SYDNEY (Reuters) - Australians took a break from shopping in November after a couple of busy months, though sales of household goods stayed brisk and plunging petrol prices will be adding to spending power.
Friday's data from the Australian Bureau of Statistics showed retail sales edged up 0.1 percent in November to A$23.76 billion (13 billion pounds). Some slowdown was expected following gains of 0.4 percent and 1.3 percent in the previous two months.
Eating in and eating out remained popular, but sales of clothing, drugs and recreational goods took a dip.
Sales of household goods rose again to be up almost 7 percent over the three months to November amid a rush to furnish new homes or renovate existing ones.
Data out this week showed approvals to build new homes soared to record highs in November, promising an extended boom in construction and spending.
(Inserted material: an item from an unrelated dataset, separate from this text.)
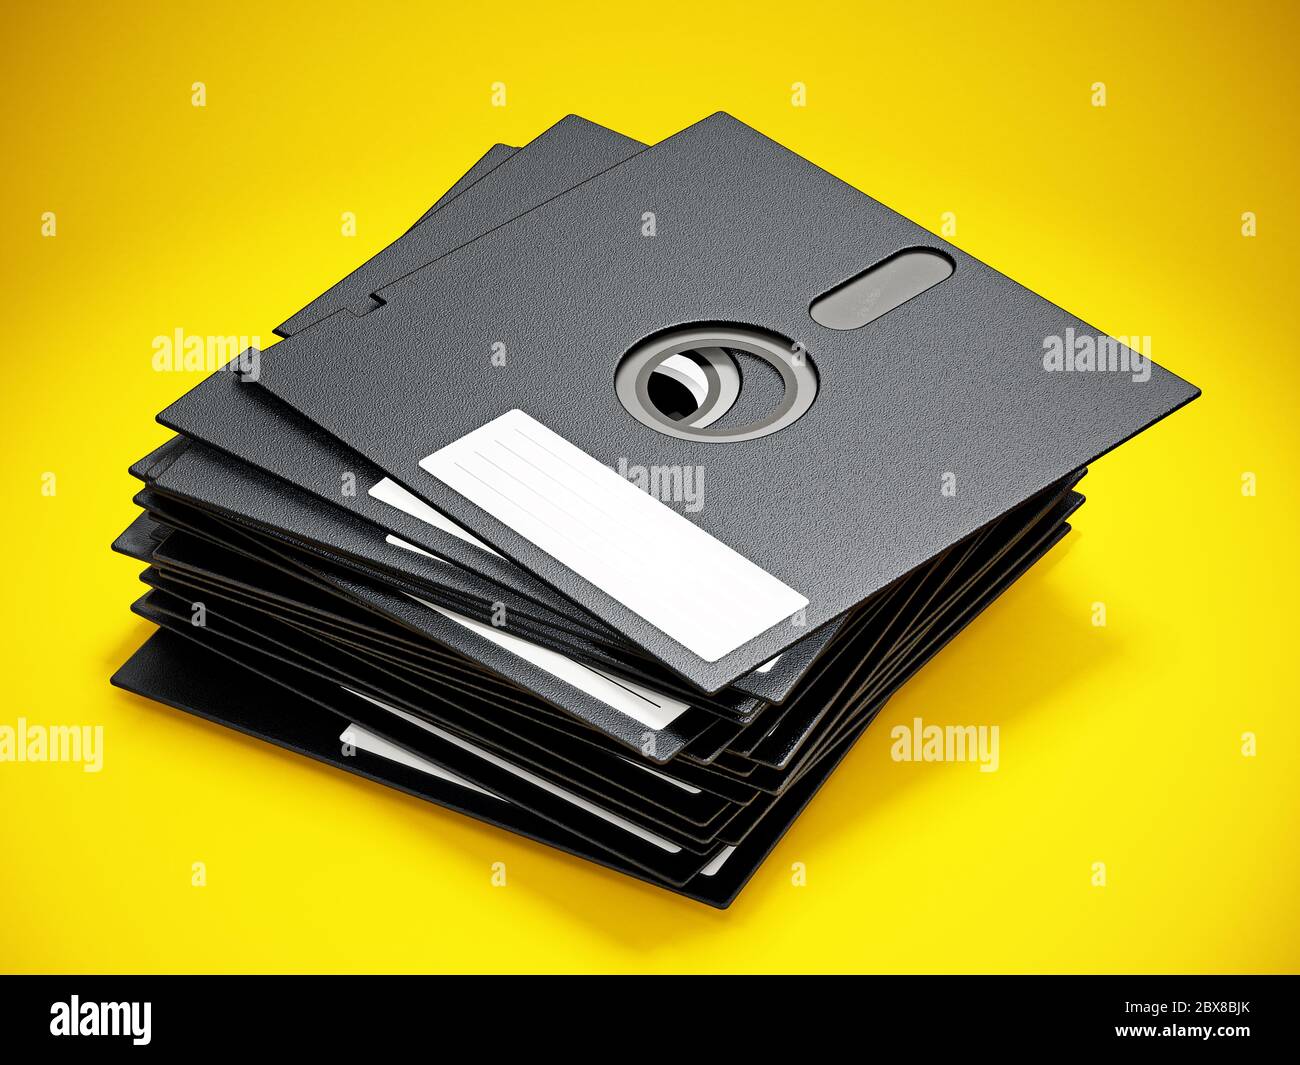 disquettes 5.25 pouces isolées sur fond jaune. Illustration 3D. Banque D'Images

It is timely, then, that consumers are getting a boost to spending power from the collapse in oil prices.
"Over the last six weeks, petrol prices have fallen by 21 cents a litre – the biggest fall for an equivalent period in six years," said Craig James, chief economist at CommSec.
Analysts estimate that back in September the average Australian motorist spent around A$240 a month on petrol - now the bill comes to only A$160.
That saving is the equivalent of more than a quarter point cut in mortgage rates, meaning the fall in oil is loosening financial conditions with no need for action from the Reserve Bank of Australia (RBA).
Markets are still wagering that interest rates will have to be cut again to support growth, but the odds have been slowly lengthening as oil reached new lows.
"The Reserve Bank would no doubt be delighted at the extra stimulus for the economy – stimulus that is arguably non-inflationary," said James about the drop in petrol costs.
Indeed, consumer price figures for the fourth quarter due later this month are expected to show the fall in petrol shaved at least 0.2 percentage point off inflation, setting the scene for a very benign reading.
Early predictions are that headline inflation could slow to 2.0 percent or less, and thus at the very bottom of the RBA's long term target band of 2 to 3 percent.